Let me quote from the great Dan Holloway in his latest column. “Protecting the livelihoods of rights holders is a worthy agenda. As an author, I wholly support the notion that I should be able to make a living, should enough people want to buy my work. The assumption that it is the job of the law to protect my living from technology, an industry that provides a living for others, of course, sits less comfortably.”

So, that's a strong statement, and we'll get to that, but first let's talk about the lawsuits against OpenAI and what they mean.

Dan Holloway: Yeah, where to start?

So, there's all sorts that's happening against AI. I'll start with the FTC investigation, because that's the most recent thing. I guess this is of interest to start with, because the FTC obviously isn't an industry body. So, it's more neutral and people might see it's not just authors going on about AI again, as I'm sure some people might think.

The FTC has complaints about the way that AI is allegedly leaking data and giving misinformation.

So, those are two concerns that we see a lot about in the media. It seems that there are cases where people's personal data are being included in answers provided by ChatGPT, and this suggests that it is actually being trained on personal sensitive data.

Howard Lovy: By sensitive personal data, is that stuff that's already out there on the internet or is it somehow hacking into things that aren't supposed to be out there?

Dan Holloway: I don't think there's any suggestion that it's hacking. There's all sorts of questions about what we mean by the public domain again, isn't there? This is one of the oldest debates in the book, when is something out there in the public domain and what is out there in the public domain?
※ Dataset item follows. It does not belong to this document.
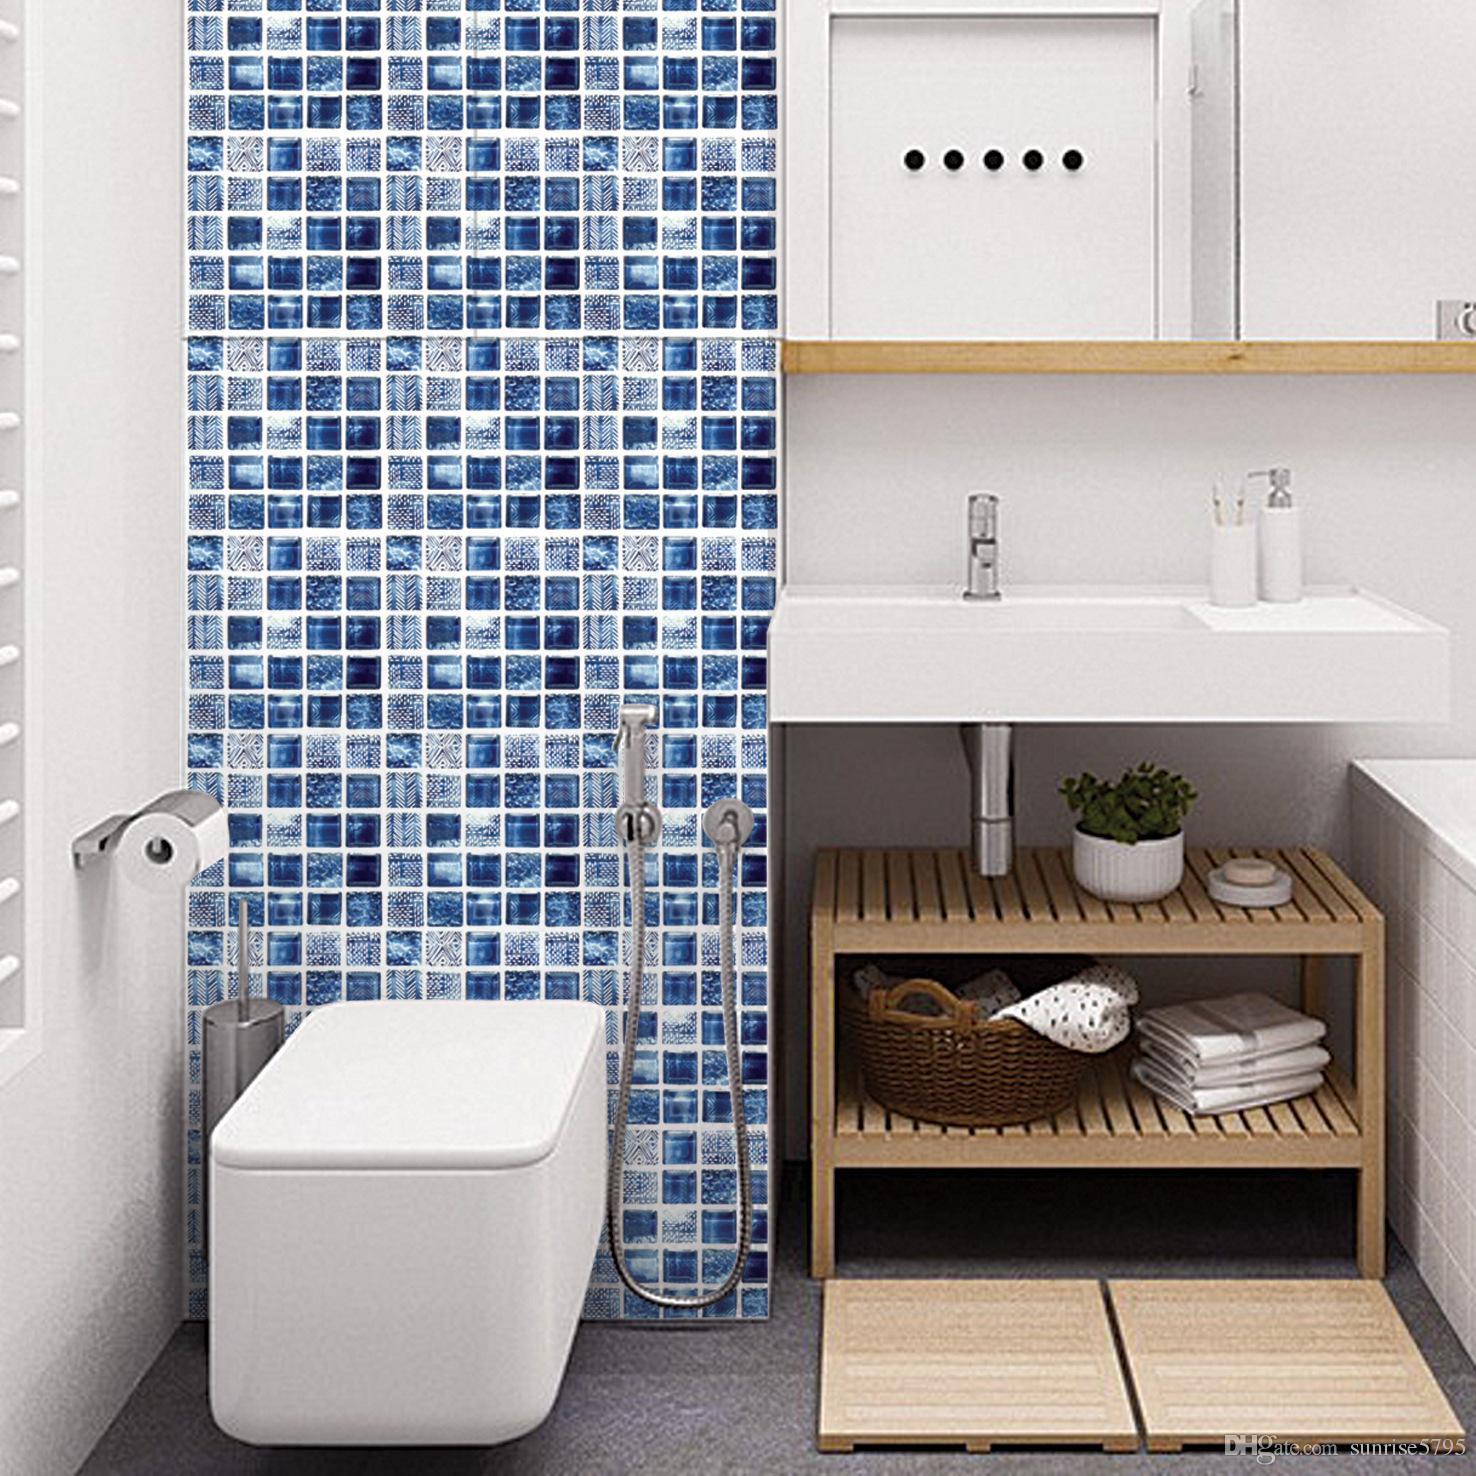 Acheter Bleu 3d Carrelage Autocollants Mosaique Mur Autocollant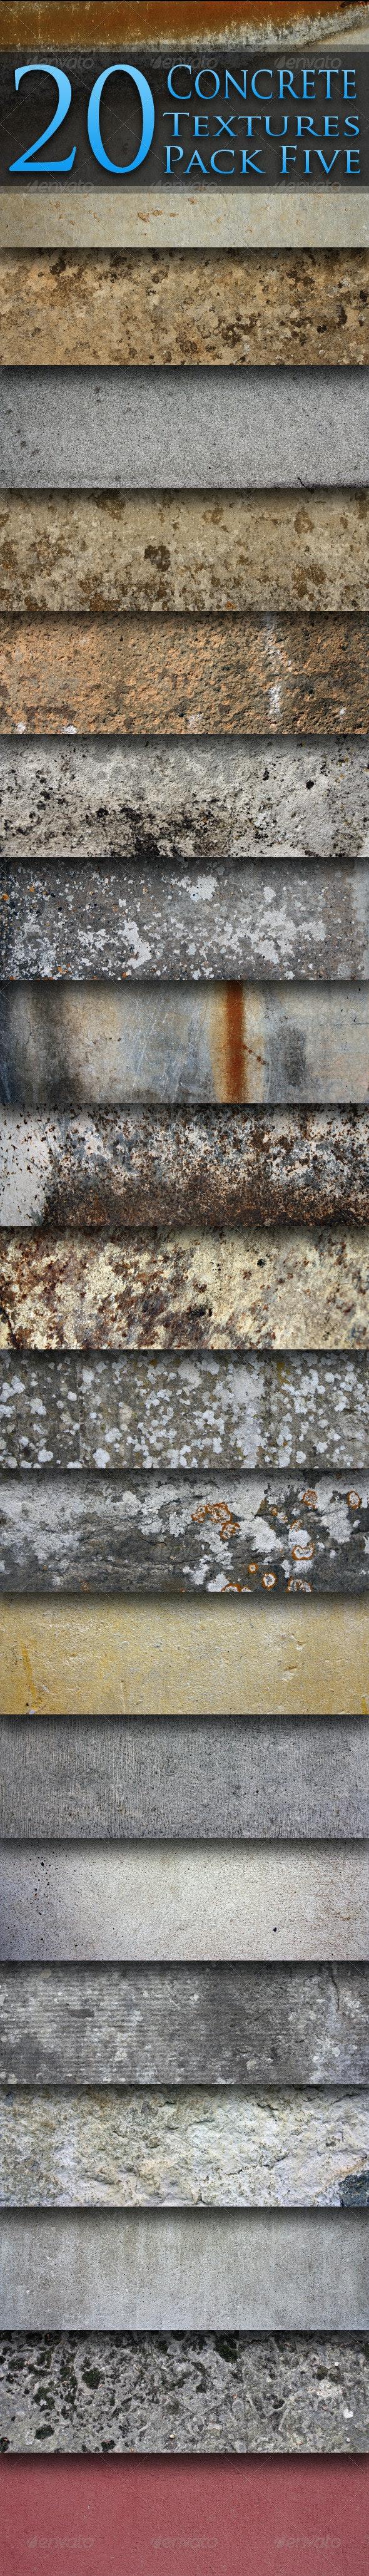 20 Concrete Textures - Pack Five - Concrete Textures

Yeah, it's giving answers. If someone were to ask about, I don't know, a particular health condition, for example, then it might give answers based on someone's personal blog of their personal experiences and identify them to a wide audience that they might not have intended, for example.

There are concerns over data security. There are also obviously concerns over misinformation and the lack of checks and balances. So, that's what the FTC is looking at.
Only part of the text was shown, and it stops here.